Viele sagen dir eine „Hass-Liebe" zu deiner Heimatstadt Philadelphia nach…

Ich denke jeder hat eine Hass-Liebe zu seiner Heimatstadt. Ich weiß, dass ich niemals in Philadelphia bleiben wollte und doch war es irgendwie schmerzvoll weg zu gehen. Als ich in Kalifornien gelebt habe für eine Weile, habe ich mich ähnlich gefühlt wie in Philly. Und mir wurde klar, dass vielleicht nicht die Städte das Problem sind, sondern ich. Das ist im Song „Helluva Home" gegipfelt. Es ist hart zu bleiben, aber auch hart zu gehen.
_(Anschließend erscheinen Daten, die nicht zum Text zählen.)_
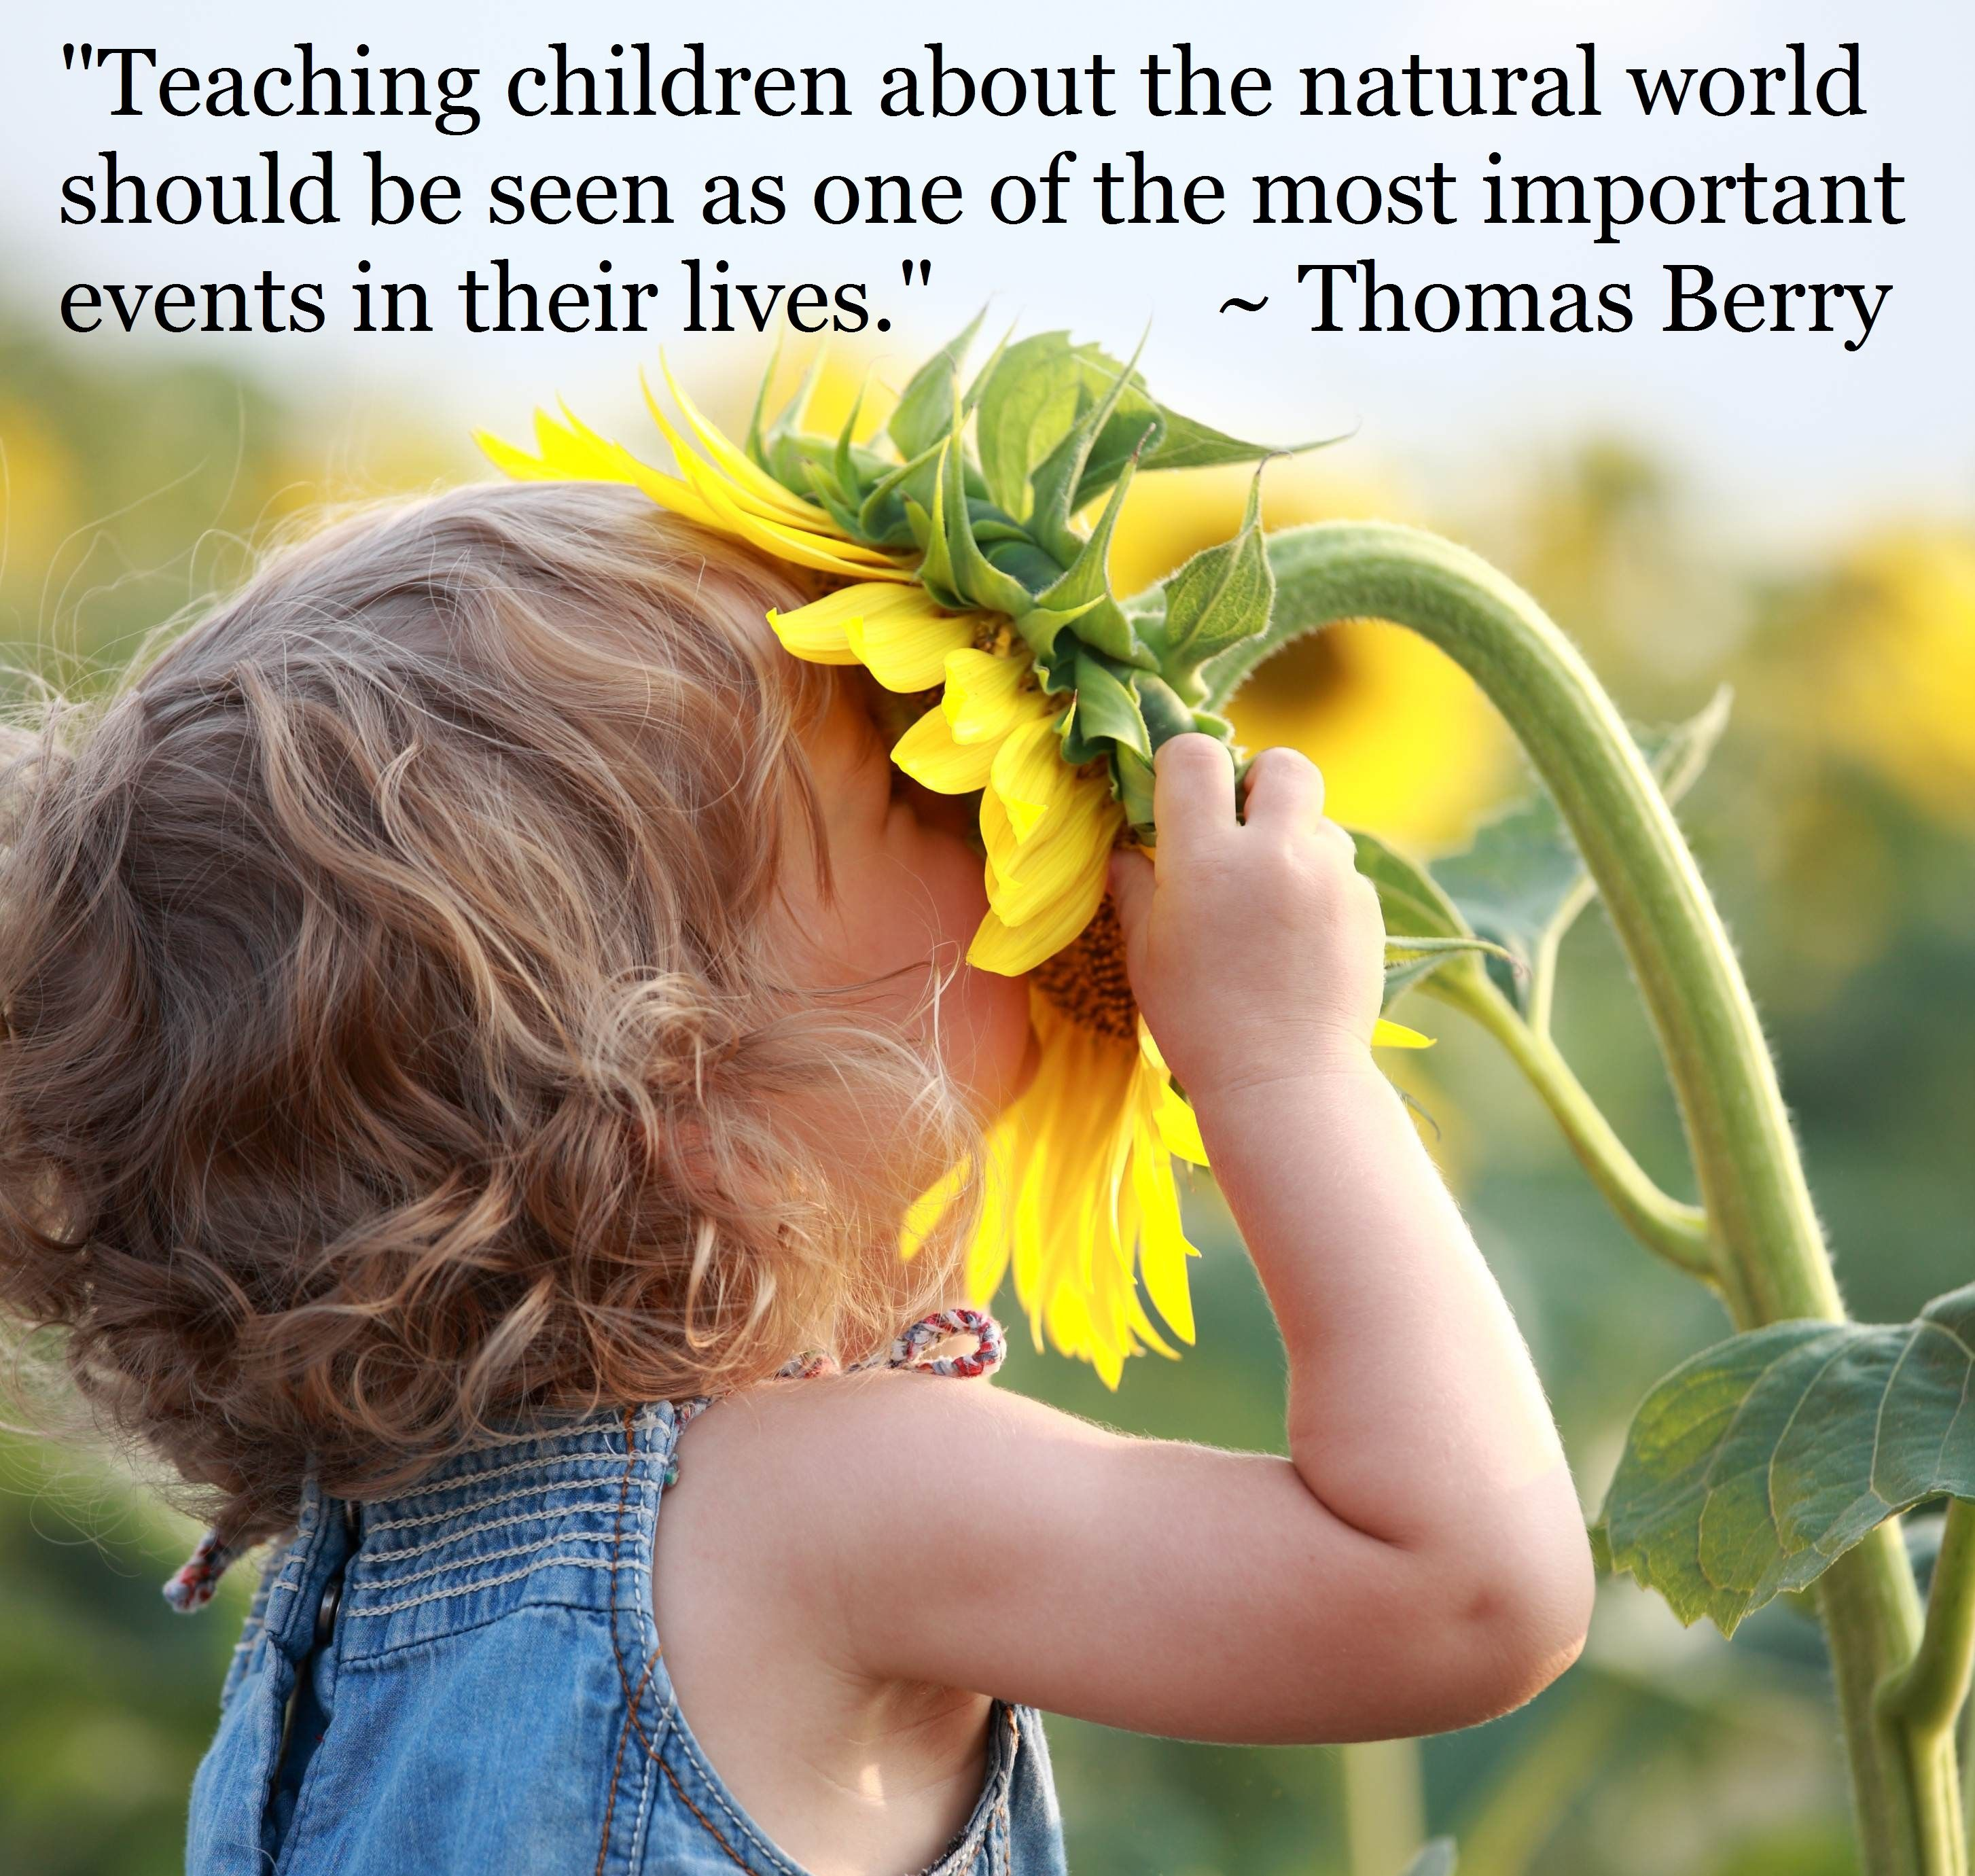 lifelong learning surviving natural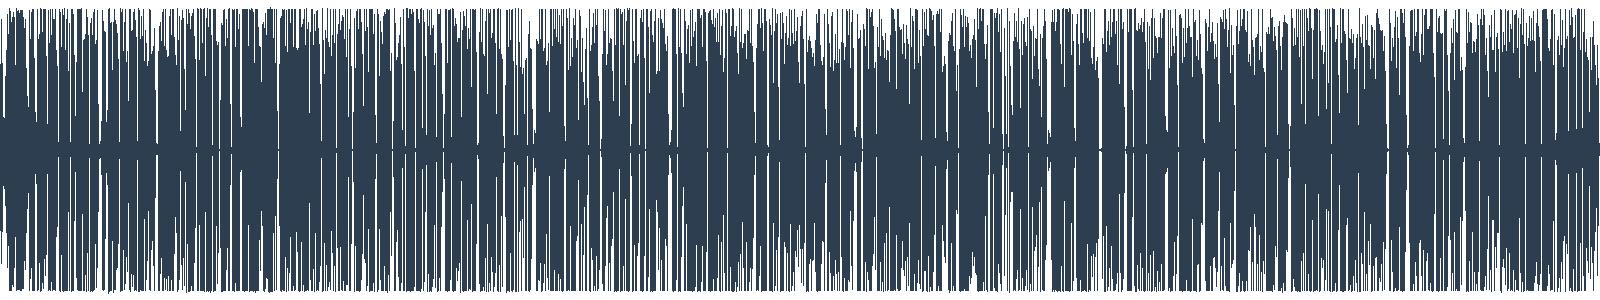 #23 Slovenská dráma po roku 1945 (Maturita s Hashtagom) waveform

Du spielst Ende Juni in Trier. Du warst sogar schon mal hier. Zum Beispiel 2012 im Exhaus als Support von Laura, damals Tom, Gabel. Kannst du beschreiben, wie du dich fühlst, wenn du ein bisschen zurück schaust in diesen fünf Jahren? Es ist immerhin viel passiert seitdem.

Das war eine spaßige Show. Aufregend wieder nach Trier zu kommen und ne Show zu spielen. Ich glaube The Mermaid wird die Stadt mögen. Wir haben eine Menge getourt dieses Jahr als Support von anderen Bands. Es wird großartig auch nochmal eine Headline-Show zu spielen. Wir sind eigentlich immer ziemlich Feuer und Flamme, wenn wir die Chance haben in Deutschland zu spielen, da bildet Trier keine Ausnahme. Wir freuen uns und sehen uns dort.

Dave, vielen Dank für das bewegende und aufschlussreiche Gespräch. Wir wünschen dir viel Spaß und eine gute Show!